This 14x fair-value point is also the anchor from which undervaluation and overvaluation are objectively measured. At half fair value, 7x earnings, stocks are very cheap historically. As soon as you see 7x earnings in the major stock indexes, it is time to throw every dollar you’ve got at the deeply undervalued stock markets. Such levels are only seen at the end of 17-year secular bears, like 1982.

Conversely double fair value, 28x, is classical bubble levels. Once the major stock indexes trade above 28x earnings, it is time to think about exiting investments and preparing for the end of the 17-year secular bull. If you look at a Long Valuation Wave chart over the last century or so, the importance of 7x, 14x, and 28x index P/E ratios is readily apparent. Stock-market history is crystal clear regarding valuation ranges.

The implications of the Dow once again hitting 14x earnings today, for the first time since the late 1980s, are profound. Seeing fair value again validates the thesis that we are in a secular bear, where stocks at best trade sideways for 17 years! Since 17 years is such a huge chunk of any investor’s investing lifespan, it is absolutely devastating for wealth creation to be trapped unaware within one of these secular bears.

And if you add 17 years to the top of the last LVW in early 2000, you get out to 2016 or so for the projected end of this bear. We are only halfway through temporally and even more importantly in valuation terms. Bear markets don’t end at fair value, they continue their relentless valuation-mauling work until the general stock markets hit 7x earnings. Odds are very high that the Dow will still be trading near today’s levels in 2016 but with valuations cut in half again from today!

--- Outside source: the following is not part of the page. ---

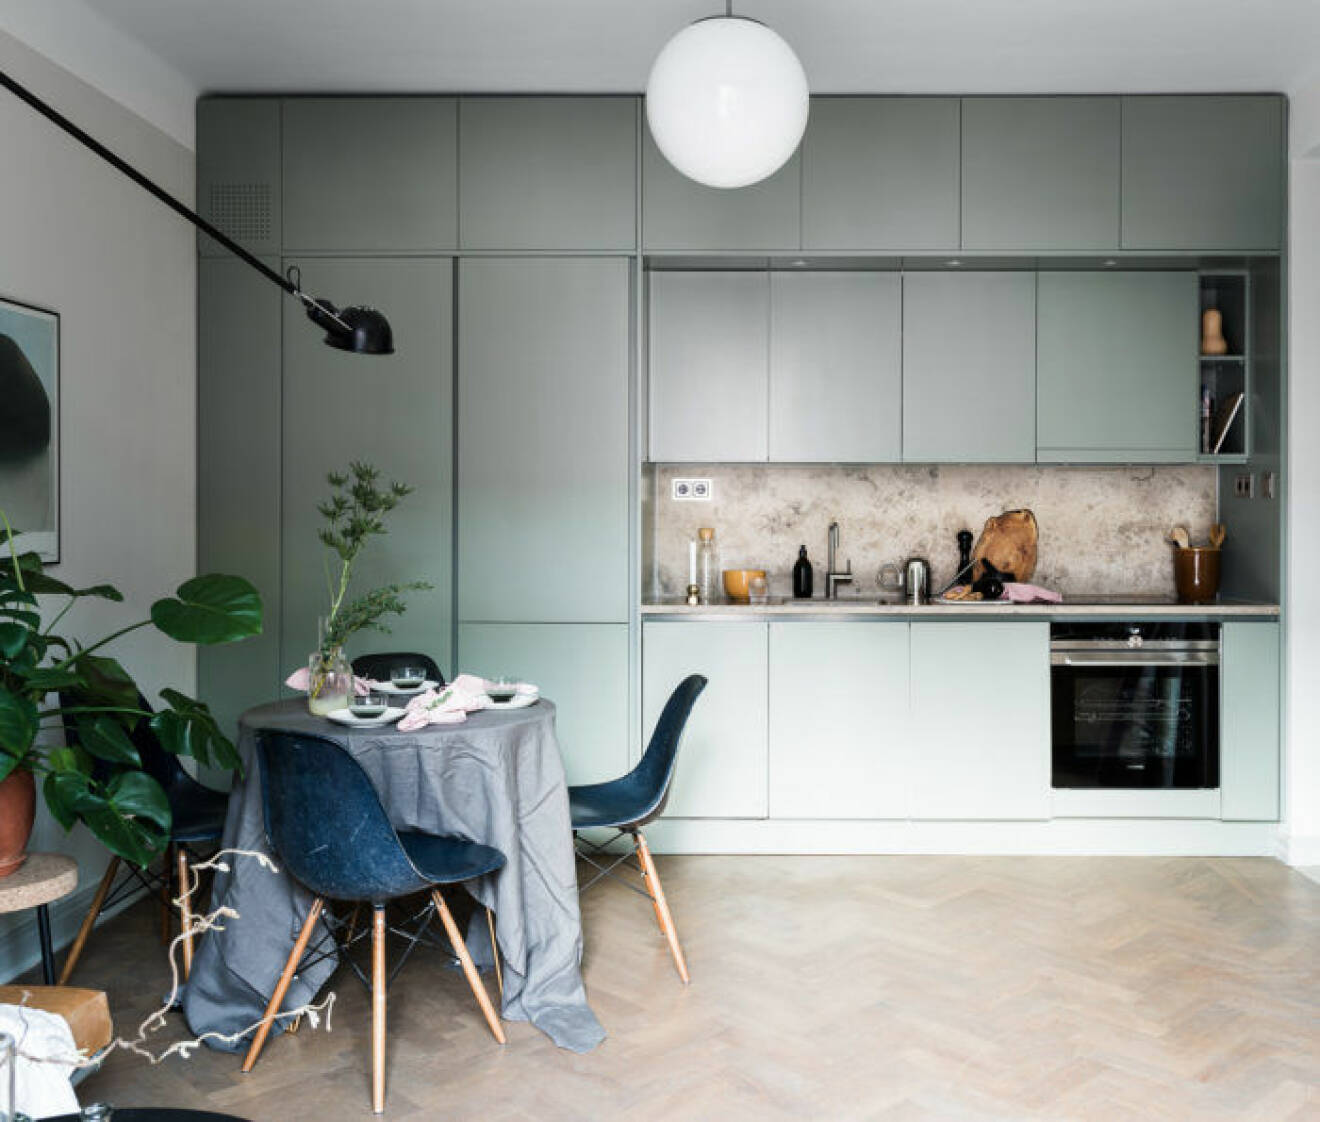 Snyggt platsbyggt kök i pistagegrönt

Going from the bubble top to 14x is the mean reversion, which is now complete for the Dow 30. But just as the crests of LVWs witness extreme overvaluations, their troughs see extreme undervaluations. The second half of the great bear ushers in the dreaded LVW trough, where investors’ morale is crushed and an entire generation completely gives up on stock investing. Sadly the worst is yet to come.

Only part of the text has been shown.